At Island Commons, the seven-bed residential care facility on Great Chebeague Island, administrator Amy Rich and her management team meet every Monday to review the staffing schedule and ferry cancellations. With nine staff members who live on the mainland, they now have to strategically plan around cancellations to make sure they have enough staff on duty.

At times, staff members will come in early and work longer shifts so their co-workers can catch the ferry back to the mainland. Island Commons has also hired a water taxi, which costs $125 and is a new expense for the facility.

“The dredging project needs to happen so we can get back to a normal process,” Rich said.

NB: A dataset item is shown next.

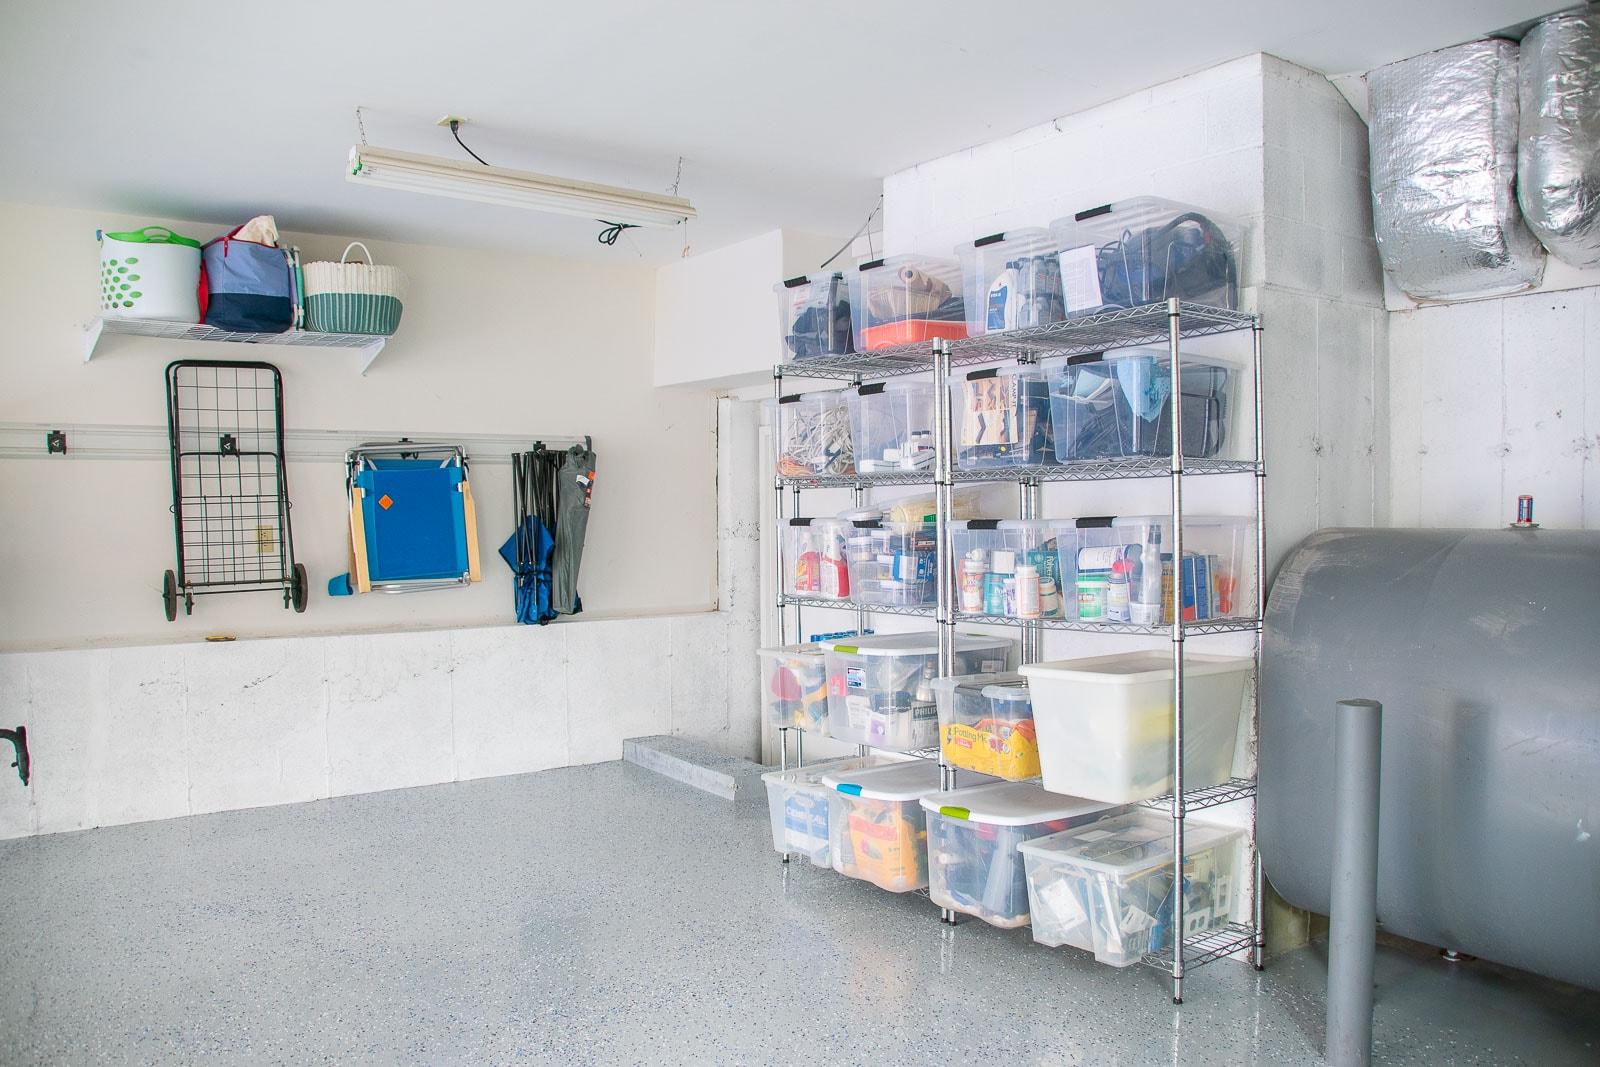 shelves in back of garage

Ridgway said the uncertainty around when the dredging will happen has been disheartening and there is no doubt ferry cancellations will become more frequent the longer it is delayed. He has been talking to school officials about ferry cancellations on two days in March and one day in April, which will cause students and teachers to arrive late.

“Living on an island is never convenient,” said Ridgway, who lives on the island. “It’s gotten significantly more inconvenient for people.”